Using the line that contains "Dell Computer Desktops - Best Buy" as the first line and the last line of the data as the final one, give every line in that range again exactly.

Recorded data

- - -

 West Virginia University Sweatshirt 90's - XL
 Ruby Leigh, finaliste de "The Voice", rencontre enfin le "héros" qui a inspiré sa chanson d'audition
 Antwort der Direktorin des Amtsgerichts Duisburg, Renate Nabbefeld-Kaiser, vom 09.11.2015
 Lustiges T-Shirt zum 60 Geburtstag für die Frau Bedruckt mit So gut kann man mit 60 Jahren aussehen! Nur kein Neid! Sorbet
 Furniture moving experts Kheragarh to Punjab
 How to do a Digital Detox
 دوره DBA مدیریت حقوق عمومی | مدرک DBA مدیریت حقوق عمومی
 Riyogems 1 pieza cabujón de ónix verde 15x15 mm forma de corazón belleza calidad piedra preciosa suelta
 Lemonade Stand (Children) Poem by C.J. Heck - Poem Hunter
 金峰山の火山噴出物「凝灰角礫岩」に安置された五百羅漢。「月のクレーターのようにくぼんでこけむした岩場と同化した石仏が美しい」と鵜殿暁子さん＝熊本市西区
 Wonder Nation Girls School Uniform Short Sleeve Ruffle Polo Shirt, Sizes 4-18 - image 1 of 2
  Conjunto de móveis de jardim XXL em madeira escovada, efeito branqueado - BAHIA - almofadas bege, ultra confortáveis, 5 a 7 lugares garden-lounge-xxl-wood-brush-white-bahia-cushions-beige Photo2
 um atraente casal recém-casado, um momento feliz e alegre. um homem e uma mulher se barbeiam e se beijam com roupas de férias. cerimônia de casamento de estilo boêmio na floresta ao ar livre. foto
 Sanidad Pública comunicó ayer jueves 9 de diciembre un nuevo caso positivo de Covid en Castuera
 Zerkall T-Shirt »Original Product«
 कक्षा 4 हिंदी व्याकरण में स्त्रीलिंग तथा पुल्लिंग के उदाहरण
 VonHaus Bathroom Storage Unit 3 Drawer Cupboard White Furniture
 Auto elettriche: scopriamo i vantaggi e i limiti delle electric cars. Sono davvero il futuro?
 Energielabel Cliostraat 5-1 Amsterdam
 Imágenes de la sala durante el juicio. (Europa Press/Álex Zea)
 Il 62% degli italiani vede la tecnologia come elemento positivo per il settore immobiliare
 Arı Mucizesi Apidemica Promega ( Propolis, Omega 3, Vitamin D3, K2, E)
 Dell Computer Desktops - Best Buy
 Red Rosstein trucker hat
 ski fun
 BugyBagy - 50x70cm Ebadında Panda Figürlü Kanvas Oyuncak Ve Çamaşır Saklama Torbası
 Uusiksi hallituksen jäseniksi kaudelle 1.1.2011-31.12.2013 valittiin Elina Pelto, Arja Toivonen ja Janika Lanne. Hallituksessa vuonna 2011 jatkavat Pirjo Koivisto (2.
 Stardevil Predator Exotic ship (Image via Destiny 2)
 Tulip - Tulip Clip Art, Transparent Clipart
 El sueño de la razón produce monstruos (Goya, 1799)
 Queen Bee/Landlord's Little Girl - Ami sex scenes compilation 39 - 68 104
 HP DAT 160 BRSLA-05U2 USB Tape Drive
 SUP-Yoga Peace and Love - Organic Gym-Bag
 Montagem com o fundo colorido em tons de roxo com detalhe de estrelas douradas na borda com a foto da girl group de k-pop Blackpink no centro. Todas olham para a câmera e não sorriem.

- - -

Exercise solution:
 Dell Computer Desktops - Best Buy
 Red Rosstein trucker hat
 ski fun
 BugyBagy - 50x70cm Ebadında Panda Figürlü Kanvas Oyuncak Ve Çamaşır Saklama Torbası
 Uusiksi hallituksen jäseniksi kaudelle 1.1.2011-31.12.2013 valittiin Elina Pelto, Arja Toivonen ja Janika Lanne. Hallituksessa vuonna 2011 jatkavat Pirjo Koivisto (2.
 Stardevil Predator Exotic ship (Image via Destiny 2)
 Tulip - Tulip Clip Art, Transparent Clipart
 El sueño de la razón produce monstruos (Goya, 1799)
 Queen Bee/Landlord's Little Girl - Ami sex scenes compilation 39 - 68 104
 HP DAT 160 BRSLA-05U2 USB Tape Drive
 SUP-Yoga Peace and Love - Organic Gym-Bag
 Montagem com o fundo colorido em tons de roxo com detalhe de estrelas douradas na borda com a foto da girl group de k-pop Blackpink no centro. Todas olham para a câmera e não sorriem.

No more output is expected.